El período de convalecencia se inicia con la desaparición de la ictericia. Si la infección evoluciona favorablemente, al cabo de uno o dos meses de la positivización del HBsAg se produce su aclaramiento y, posteriormente, el del HBeAg. El HBcAg no se detecta en ningún momento en el plasma de las personas infectadas, debido a que se encuentra enclaustrado en el interior de la cubierta del core. Tras un período ventana de una a 2 semanas, aparece en sangre el anticuerpo contra el antígeno de superficie (HBsAc), que persistirá indefinidamente. En esta fase, en la que tanto el HBsAg como el HBsAc son negativos, la presencia de anticuerpos de tipo IgG frente al antígeno del core será fundamental para demostrar la presencia de infección.
En resumen, en las hepatitis agudas autolimitadas el HBsAg y el resto de los marcadores antigénicos terminan desapareciendo y se produce su seroconversión. Pequeñas cantidades de ADN vírico pueden persistir en sangre durante años o durante toda la vida; sin embargo, no han demostrado ser infectivas.
Cuando el HBsAg se aísla en el suero de los pacientes afectados durante más de 6 meses, probablemente persista ya durante toda la vida y la infección se cronifique.
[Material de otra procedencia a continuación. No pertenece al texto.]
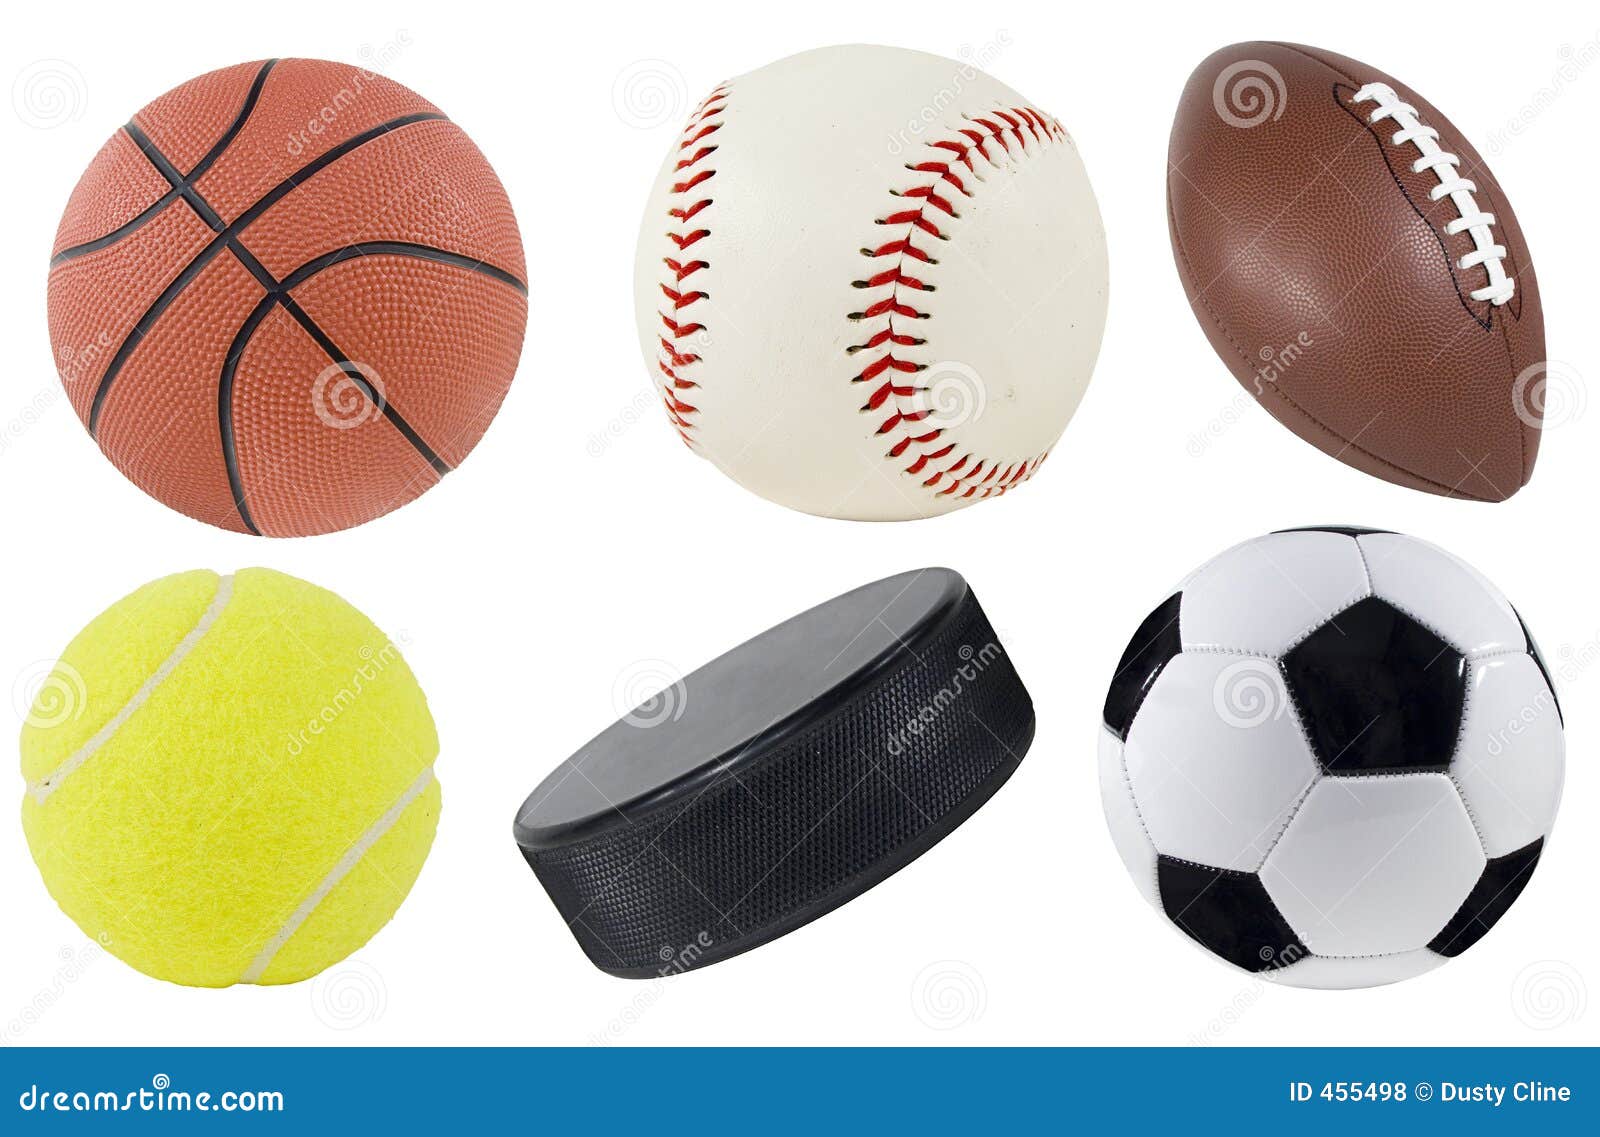 free clipart of sports equipment - photo #29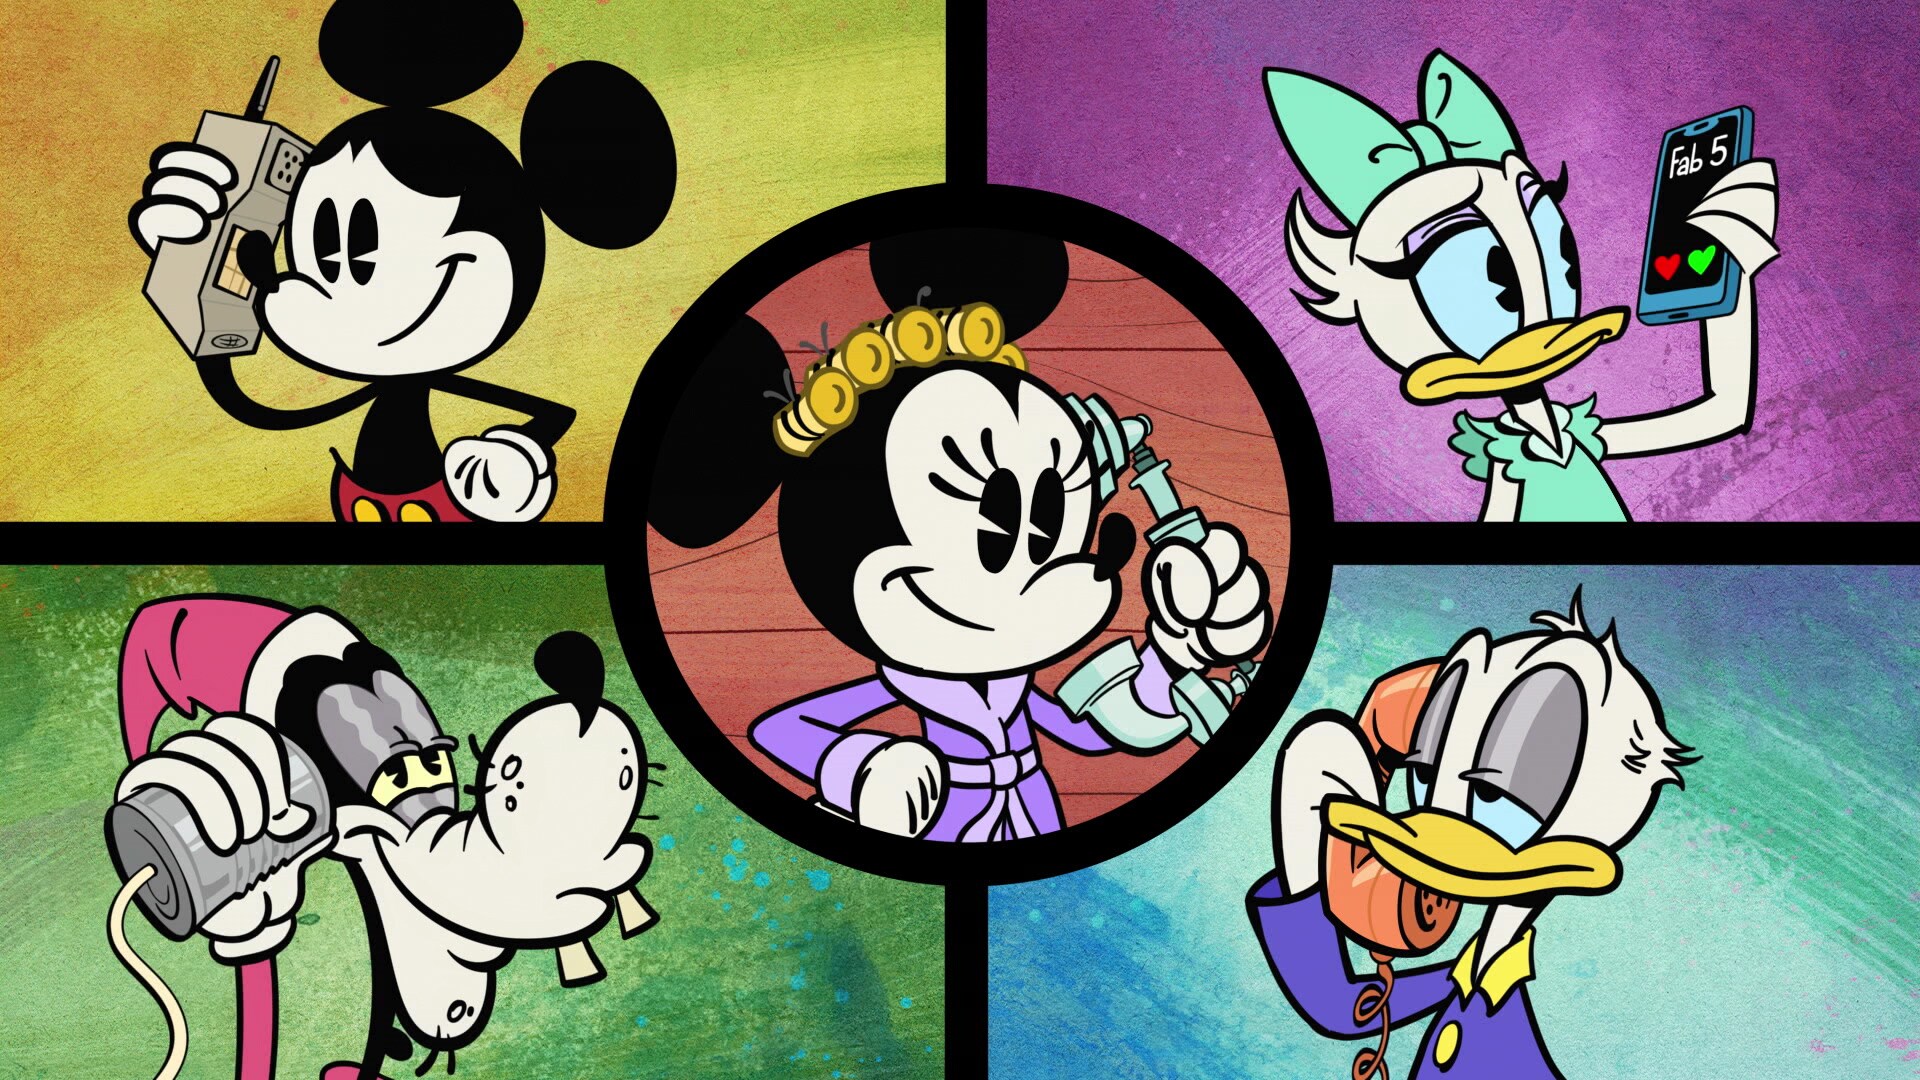 The Wonderful Summer of Mickey Mouse" finds Mickey Mouse and his friends each recalling the wild events leading up to the Annual Summer Fireworks Spectacular from their point-of-view. Coming to Disney+ July 8

En estos casos continúa la producción vírica de forma permanente, aunque los valores de viremia en general se mantienen más bajos que en la infección aguda. Aunque el HBsAg persista, los títulos de ADN vírico tienden a disminuir, el HBeAg tiende a aclararse y a producirse su seroconversión. Este hecho suele acompañarse de un aumento de las cifras de alanino-aminotransferasa (ALT) por destrucción inmunitaria de las células hepáticas infectadas. La antigua creencia de que el ADN vírico circulante desaparece cuando lo hace el HBeAg y aparece el anticuerpo contra el antígeno e (HBeAc) es incorrecta. En la actualidad, con el método de reacción en cadena de la polimerasa se ha conseguido cuantificar cantidades más pequeñas de ADN vírico. Con este método se ha demostrado que al menos el 70-85% de estos pacientes presenta una carga vírica de entre a 103 y 105/ml, y a veces superior. Estas cantidades de ADN vírico únicamente se mantienen si persiste la replicación vírica, por lo que el término «hepatitis crónica replicativa» está hoy en desuso. Los pacientes con HBeAg negativo y HBeAc positivo que presentan valores bajos de ALT y de ADN vírico circulante tienen un mejor pronóstico de la infección y se les denomina «portadores asintomáticos1-4
Existe una prueba de sangre sencilla para diagnosticar la hepatitis B. Son 3 las pruebas que conforman la serie de pruebas de sangre. A veces el facultativo puede pedir realizarse otro análisis de sangre, seis meses después de la primera consulta, para confirmar el estado de su hepatitis B. La serie de pruebas de sangre de la hepatitis B requiere solo una muestra de sangre, pero incluye tres pruebas necesarias para obtener un diagnóstico final:
- HBsAg (antígeno de superficie del virus de la hepatitis B).
- HBsAb o anti-HBs (anticuerpo de superficie del virus de la hepatitis B).
- HBcAb o anti-HBc (anticuerpo del núcleo del virus de la hepatitis B)5.
No hay ningún tratamiento específico contra la hepatitis B aguda. La hepatitis B crónica, por su parte, puede tratarse con medicamentos. En el caso de la hepatitis B aguda, los cuidados deben centrarse en lograr que los pacientes controlen los síntomas. Los pacientes deben mantener una alimentación sana y beber mucho líquido para prevenir la deshidratación por vómitos y diarrea.
La infección crónica por el virus de la hepatitis B se puede tratar con medicamentos administrados por vía oral, como el tenofovir o el entecavir.
El tratamiento puede:
- Retrasar el avance de la cirrosis.
- Reducir el número de casos de cáncer de hígado.
- Mejorar la supervivencia a largo plazo.
La mayoría de las personas que inician el tratamiento contra la enfermedad deben seguirlo de por vida.
A tenor de las directrices actualizadas sobre la hepatitis B, se estima que más del 50% de los infectados crónicos por el VHB necesitarán tratamiento en función del entorno y de los requisitos de acceso al tratamiento.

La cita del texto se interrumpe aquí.